Para Hayes, o que torna os aplicativos horríveis é que eles operam sem consentimento. Eles capturam a atenção usando truques, nos deixando desamparados e estupefatos. No entanto, mesmo esse argumento, o mais poderoso, justifica cautela. Nossa mídia sempre fez uma dança estranha com nossos desejos. Embora Hayes argumente sobre a profunda novidade de nossa situação, o título de seu livro, "The Sirens' Call", faz alusão a um conto homérico da antiguidade, de canções atraentes demais para resistir. Isso nem sempre é indesejável. Considere nossas maiores palavras de elogio aos livros — cativantes, dominantes, fascinantes, absorventes, fascinantes. É uma fantasia de agência rendida. ("Um virador de páginas": as páginas viram sozinhas.) Estranhamente, o que deploramos nos outros, a submissão, é o que mais queremos para nós mesmos.

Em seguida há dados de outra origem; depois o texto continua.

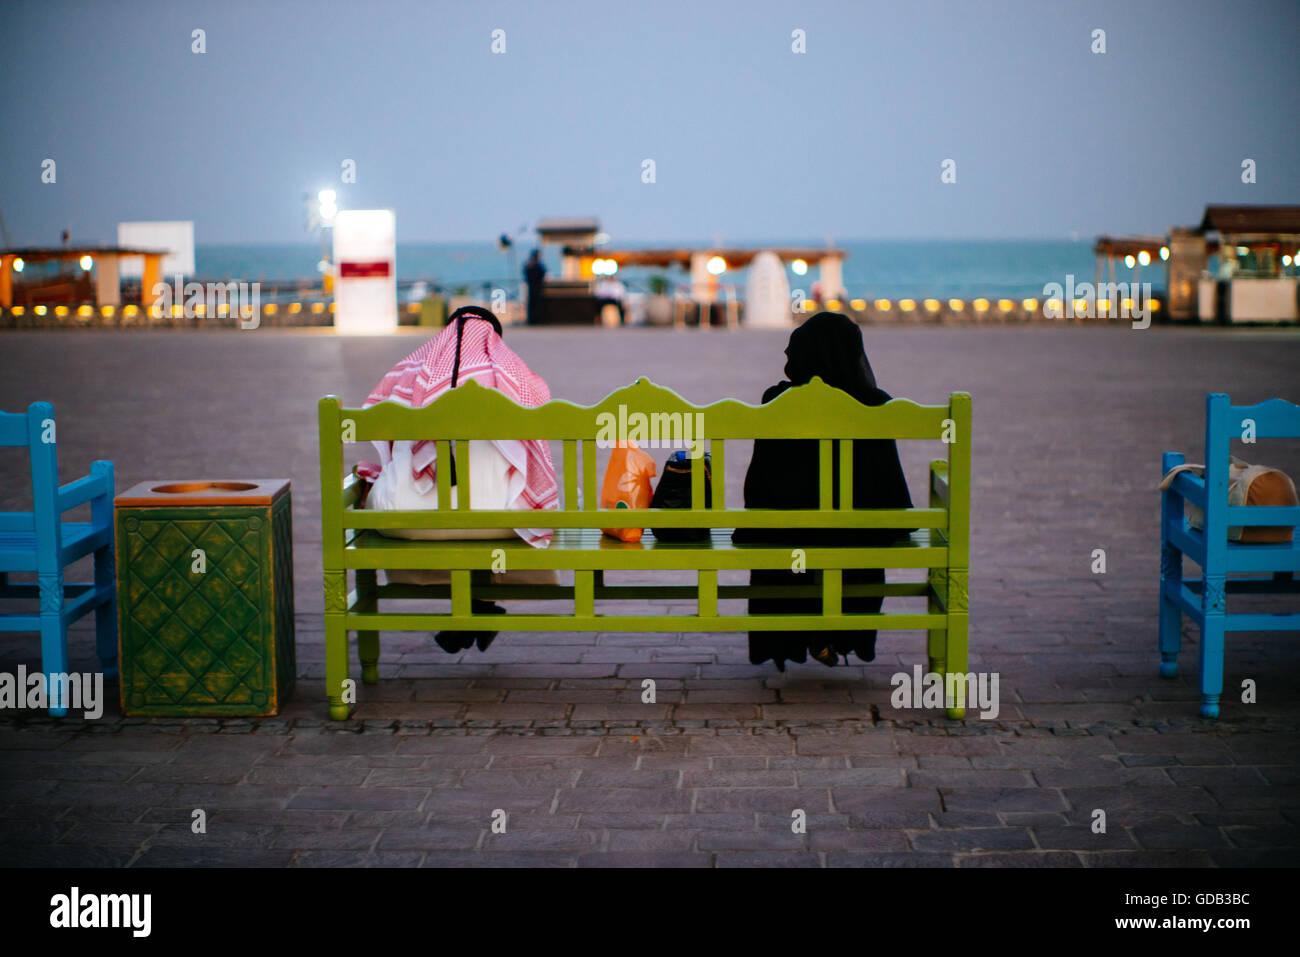 Qataris  take a break at Katara cultural village, Doha, Qatar. - Stock Image

O pesadelo que os alarmistas evocam é o de um viciado em tela do TikTok. Este não é um quadro completo do presente, no entanto, e pode não revelar muito sobre o futuro também. A nossa é uma era de obsessão tanto quanto de distração, de formulários longos tanto quanto curtos, de zelo tanto quanto de indiferença. Atribuir nossos problemas a um transtorno de déficit de atenção em toda a sociedade é fazer o diagnóstico errado.